Albert George "Albie" Thomas OAM (8 February 1935 – 27 October 2013) was an Australian middle- and long-distance runner who set world records at two miles and three miles. He was born in Hurstville, New South Wales.

Career

Thomas set a new world record (13:10.6) for three miles at Santry, Ireland on 9 July 1958. He returned to Santry later that summer. On 6 August, he was the pacemaker in Herb Elliott's mile world record of 3:54.5; he had enough strength left to finish the race in 3:58.6, his first four-minute mile. The following day, he ran two miles in 8:32.0, also a world record.

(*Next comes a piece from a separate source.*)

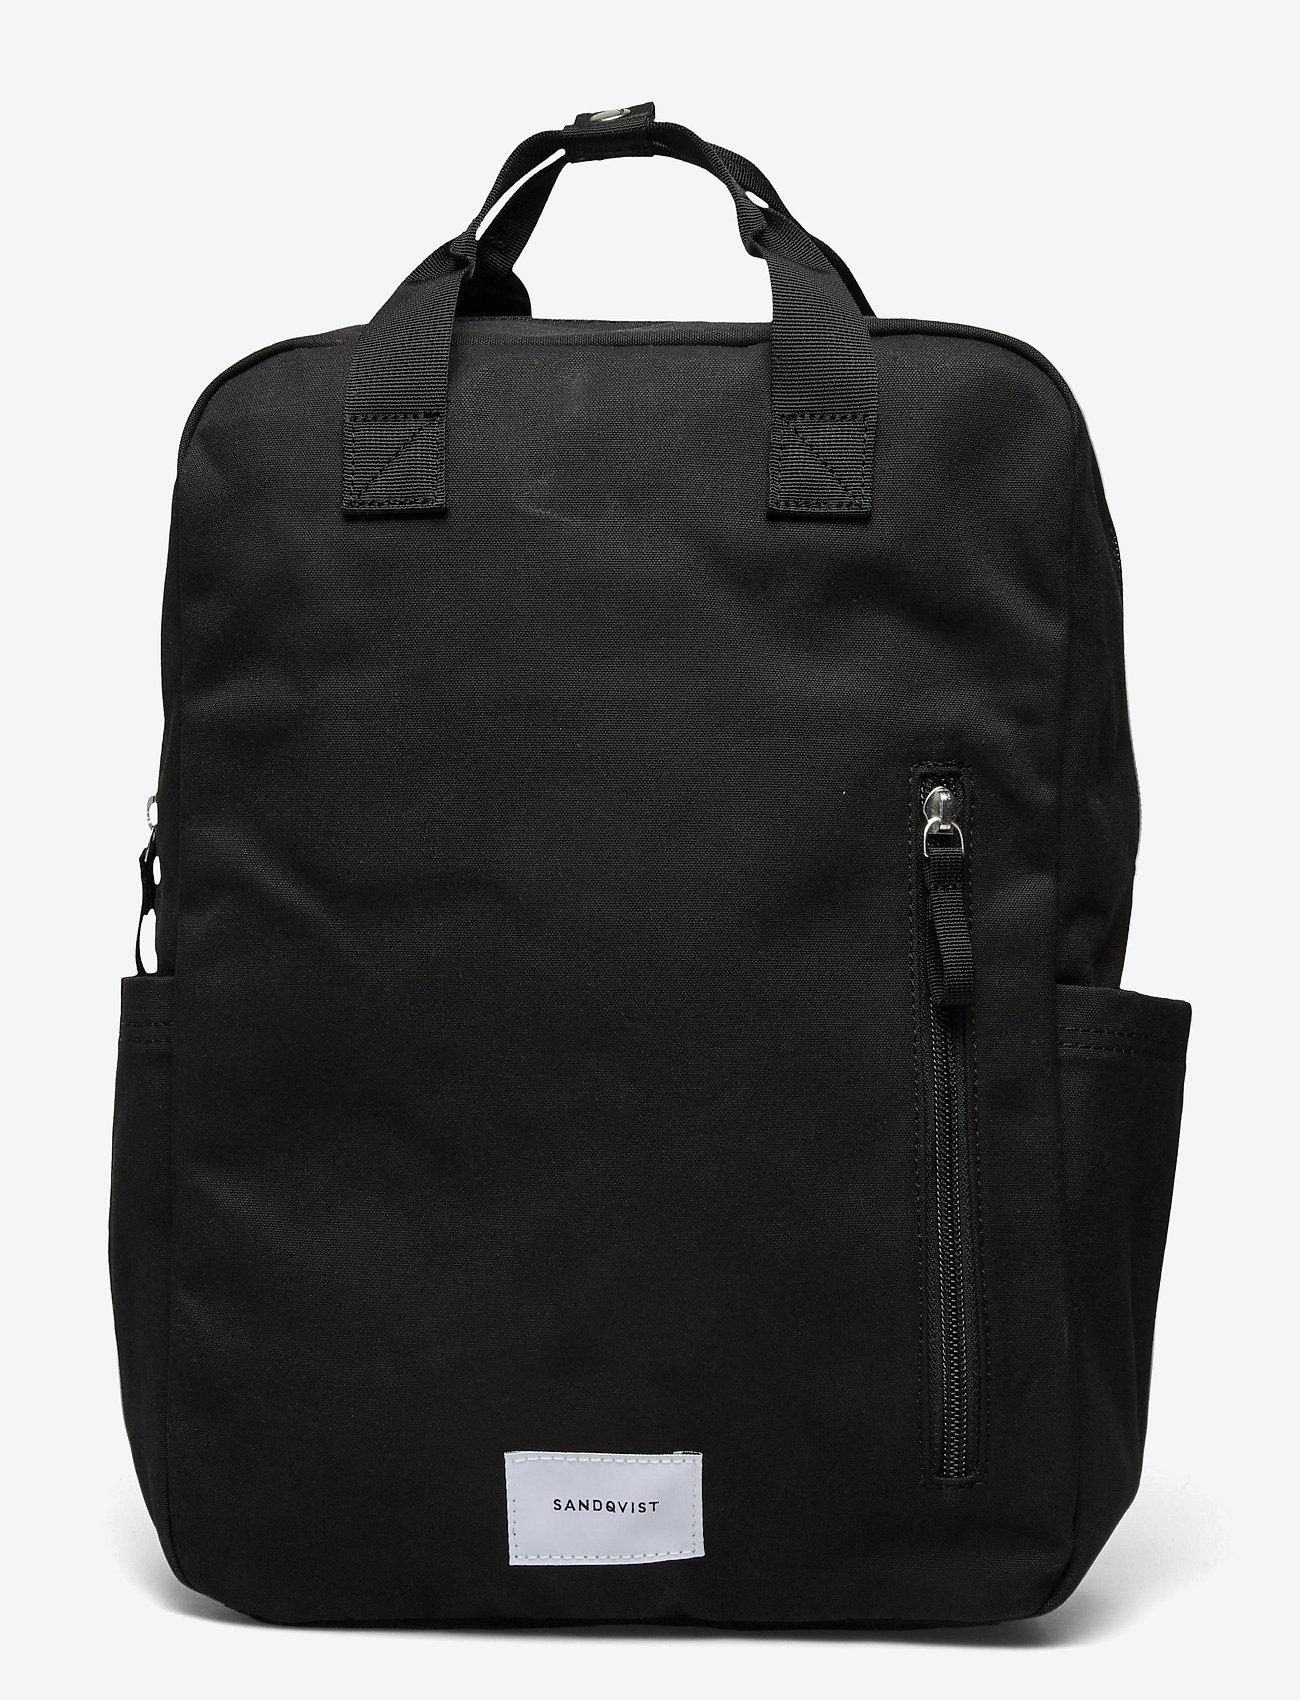 SANDQVIST - KNUT - tassen - black with black webbing - 1

Thomas competed in the Olympics in 1956, 1960 and 1964, running 5000 metres on all three occasions and also participating in the 1500 metres the latter two times. His best Olympic finish was a 5th place in 1956. He also competed in the British Empire and Commonwealth Games in 1958 and 1962; in the 1958 Games in Cardiff he won a bronze medal in the mile run and a silver in the 3 mile race.

Albie was awarded a Medal of the Order of Australia, Australian Sports Medal, Centenary Medal, and has been admitted to the New South Wales Government Hall of Champions. He was awarded a Merit Award and conferred with Life Membership of St. George District Athletics Club.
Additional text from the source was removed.